Posts Tagged ‘beersmith’

first all-grain batch: altbier

Monday, May 17th, 2010

so, after 4 years of extract and partial mash brewing, I finally stepped up to the plate and pulled off my first all-grain batch.

  • I finally had the space to go all-grain after moving, and I had recently modified my partial mash tun with a new false bottom (courtesy of CB) for better efficiency.
  • after a bit of thought, I was inspired by this post over at beer and nosh and decided to go with an dusseldorf altbier.
  • the dusseldorf alt is a bit hoppier than alts from other regions.  I thought it would be a good contrast to my extract kolsch.

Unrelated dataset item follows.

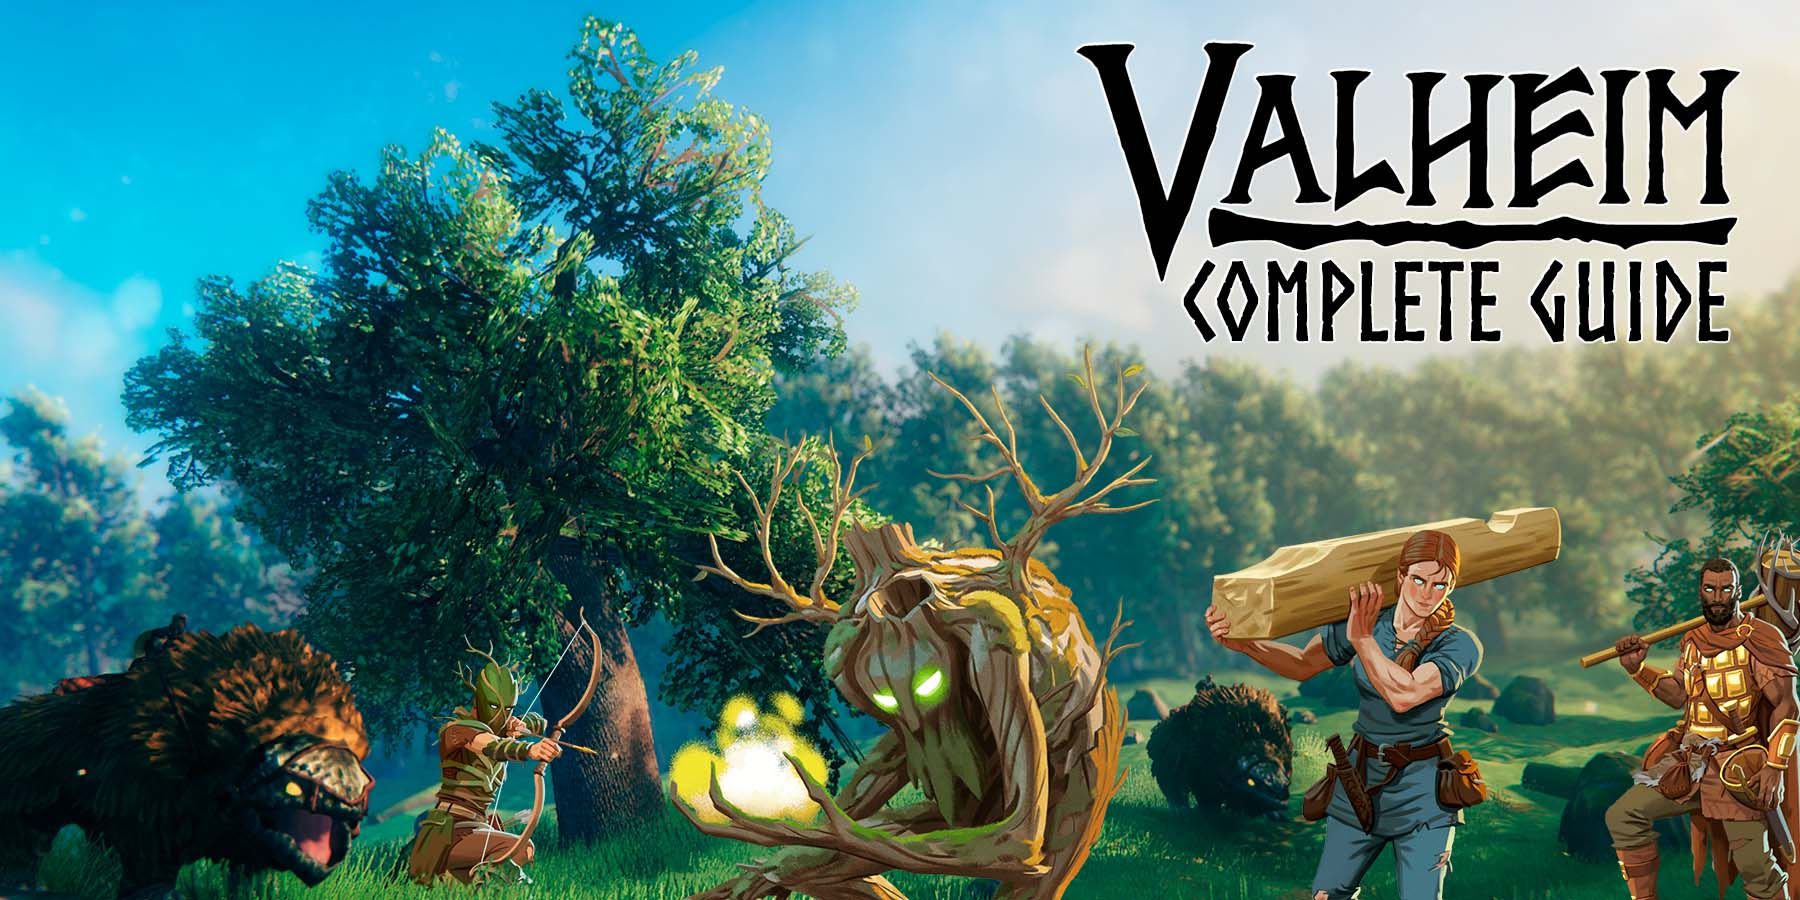 Valheim Complete Guide for Tips, Tricks, and General Help

  • my recipe was a hybrid from a post on brewboard and one on home brew talk.  I recently downloaded beersmith and ironed out the details on their software (which is pretty amazing by the way).  the grain and hop bill is as follows:
    • 6.00 lb       Pilsner (2 Row) Bel (2.0 SRM)             Grain        54.55 %
      2.00 lb       Munich Malt – 10L (10.0 SRM)              Grain        18.18 %
      1.00 lb       Caramel/Crystal Malt – 80L (80.0 SRM)     Grain        9.09 %
      1.00 lb       Vienna Malt (3.5 SRM)                     Grain        9.09 %
      1.00 lb       Wheat Malt, Bel (2.0 SRM)                 Grain        9.09 %
      1.50 oz       Hallertauer Mittelfrueh [3.80 %]  (60 min)Hops         19.9 IBU
      1.00 oz       Hallertauer Mittelfrueh [3.80 %]  (30 min)Hops         10.2 IBU
      1.00 oz       Hallertauer Mittelfrueh [3.80 %]  (10 min)Hops         4.8 IBU
  • if you want more recipe info shoot me an email and I’ll send it over.

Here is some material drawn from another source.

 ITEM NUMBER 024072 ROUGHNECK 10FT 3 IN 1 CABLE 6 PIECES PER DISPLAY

  • after a thorough discussion with CB about mash and sparge temps, boil time, and other mash tips (the guy should seriously teach a class), I milled my grains, heated my strike water, and made the jump.

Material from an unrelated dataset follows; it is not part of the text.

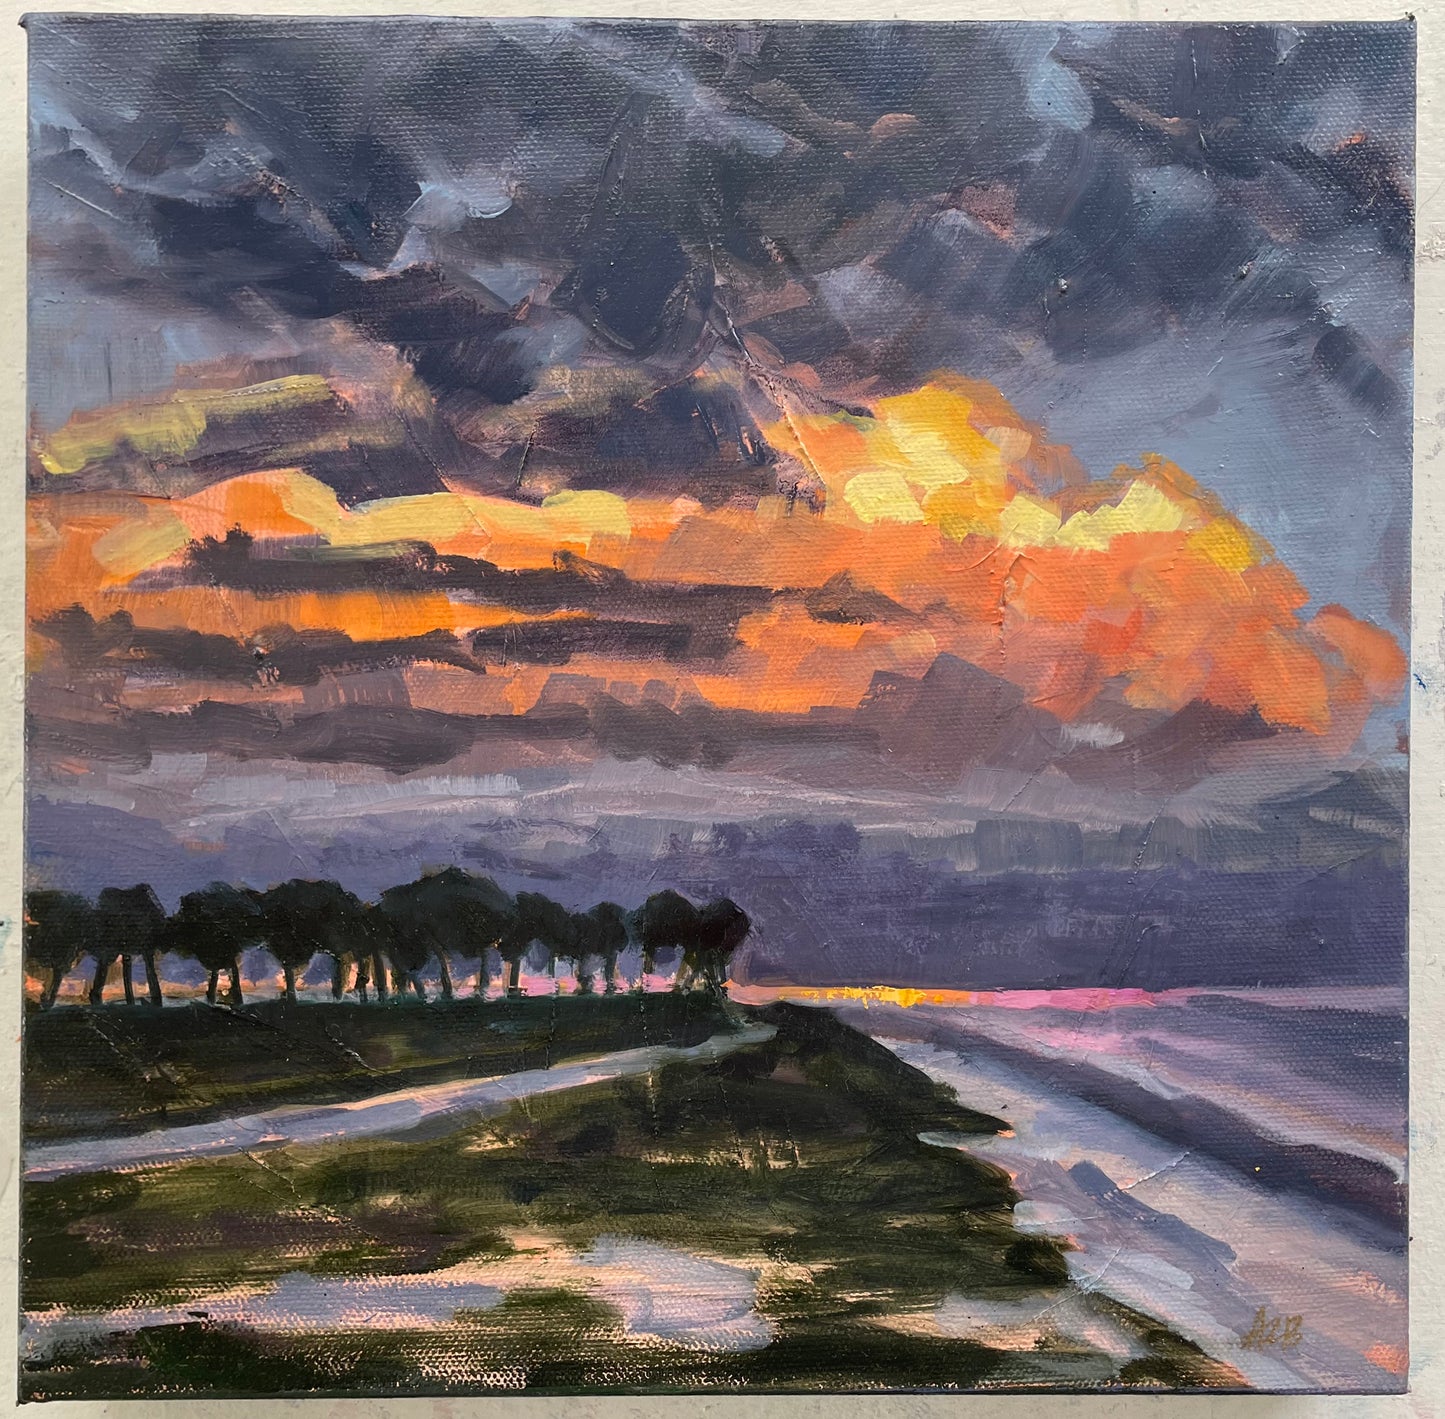 Sunset over the Palms, 12x12 inches

  • I batch sparged as per denny’s instructions and ended up with 5 gallons at an OG of 1.060 at 75F, which if I calculated correctly gives my system roughly 74% efficiency. not bad for the first shot!
  • after a rough start, my wyeast 1007 smack pack got going, and seemed to be pretty happy for the next few days after I pitched.  I’m planning on kegging the batch this weekend and lagering for a month or so before serving.
  • I will likely throw more all-grain brew tips out there once I get the process down pat, but for now I have a few recommendations for a successful switch from extract brewing:
    • get brew software. programs like beersmith take a lot of guesswork out of the process and are pretty cheap.  it was invaluable having my brew day laid out on paper before I got started.
    • talk to someone who brews all-grain first. I walked away with more information from my 30 minute convo with CB than from hours of online research.  a lot of the small stuff isn’t covered online (basic mash theory, etc.) and makes perfect sense once someone who has done it explains the obvious to you.
    • take gravity readings.  I never had to do this before – with extract it didn’t really matter since you knew you were getting fermentable sugars.  however, with all-grain, gravity readings are essential for troubleshooting your system and really add a lot to your knowledge of brewing.  I used my refractometer and it was a piece of cake.
  • overall, switching to all-grain brewing wasn’t too difficult (just a little more time-consuming) and was much more rewarding.  I am looking forward to cranking out many more brews while tweaking this process.